# QUESTION : European in USA



## Komjaunimas (May 18, 2014)

Querying a search proved to be a difficult task... like searchin for XXX the movie *ehem*. so to the point...
I have a few questions if they have been answered before please forgive me, but here it goes.
1. Has anyone from europe/or anybody knows someone from europe who got caught freighthopping, how did it end?
2. What is a general outlook of the cops on "vagabonding" foreigners?
3. Minor offences involving a night in a cell?? do you get a certain amount of "strikes" or straight home buddy?


----------



## wizehop (May 18, 2014)

If you get nailed riding by dick heads its easily jail then deportation.


----------



## Kim Chee (May 18, 2014)

...But if you have a buncha cash like J.Beeber, you're cool and can be a complete fucktard and stay.

...and if you have cash like J.Beeber, I'll be more than happy to be your fixer and cop block for you all day long.

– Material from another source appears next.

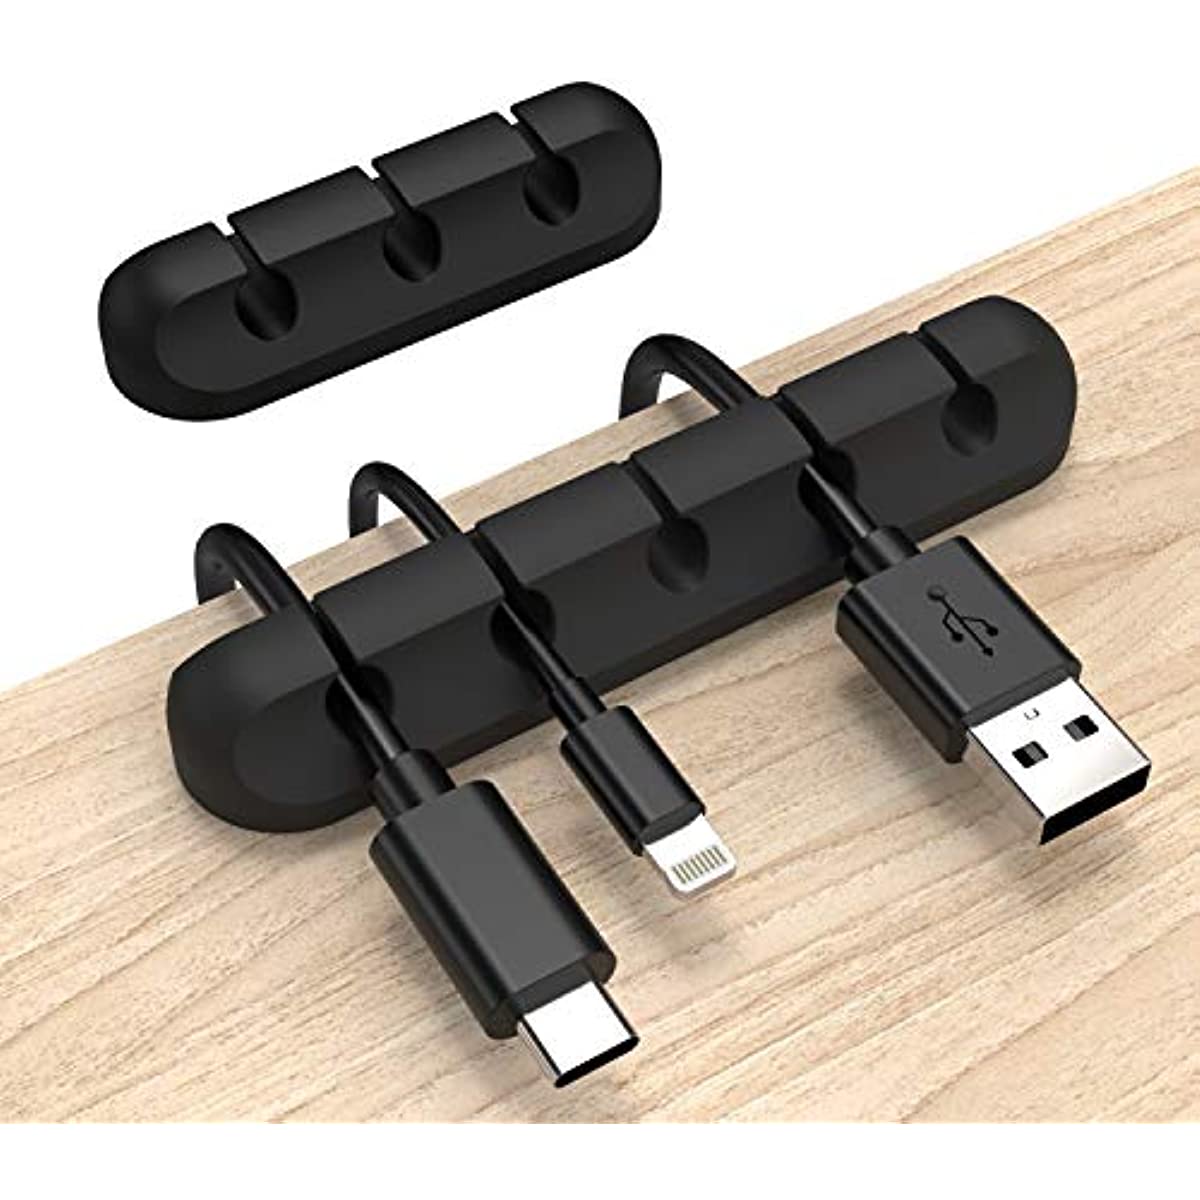 Cord Organizer. Cable Clips Cord Holder. Cable Management USB Cable Power Wire Cord Clips. 2 Packs Cable Organizers for Car Home and Office (5. 3 Slots)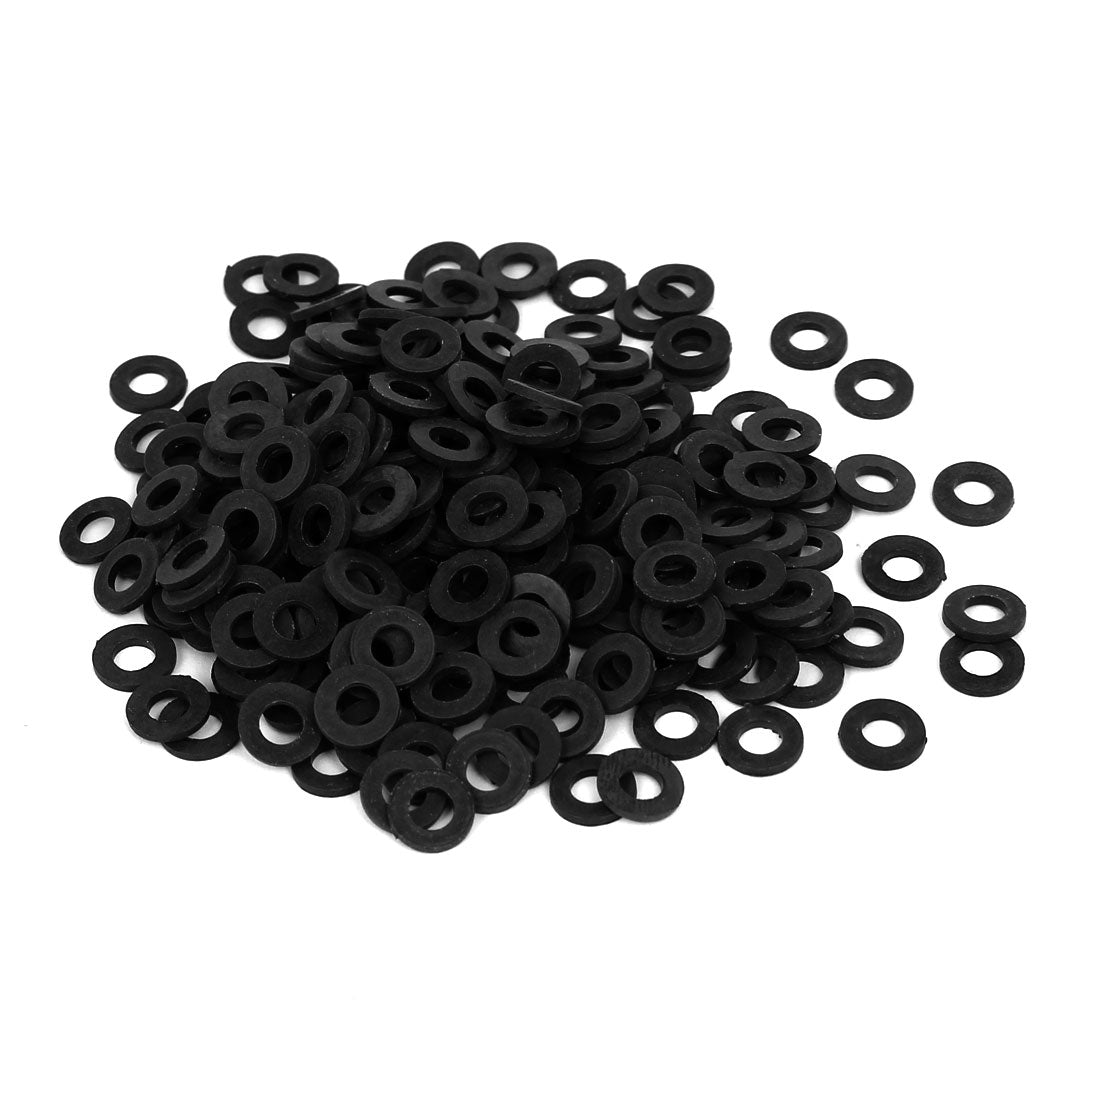 uxcell Uxcell 4mm x 8mm x 1mm Nylon Flat Washers Spacers Gaskets Fastener Black 300PCS

Since you aren't a citizen, if you are committing multiple minor crimes I'm pretty sure you will get deported. If you're committing felonies, you'll probably be held until your sentence is finished and then deported.


----------



## Matt Derrick (May 18, 2014)

yeah, i mean, i would say it's not really worth it. if you're going with someone experience and don't act like an idiot (get seen) your chances of getting caught are pretty low. but... do you really want to take the risk?

personally, i would jump at the chance to hop a train in europe and possibly other countries, but i feel like i'm experienced enough to do it and probably not get caught. but again, deportation and never being able to come back is a stiff penalty to pay, so weigh the consequences before you make a decision.


----------



## landpirate (May 28, 2014)

my ex who is from the UK spent three years wandering in the US and eventually got deported after doing three months in jail and received a 10 year ban from returning. 

He had only gone over there on a tourist visa (90 days) and got picked up after shoplifting some food. He didn't have a passport as he had sold it but he was never clear whether he went to jail for shoplifting or overstaying/not having a passport. Maybe if you got caught doing something and you were still within your visa time then they may be slightly more lenient in that they might deport you but not send you to jail, but I don't think they take kindly to foreigners committing offences on their turf.

I know personally I'm not up for doing prison time anywhere and especially not in a foreign country. Just don't get caught is the moral to this tale!


----------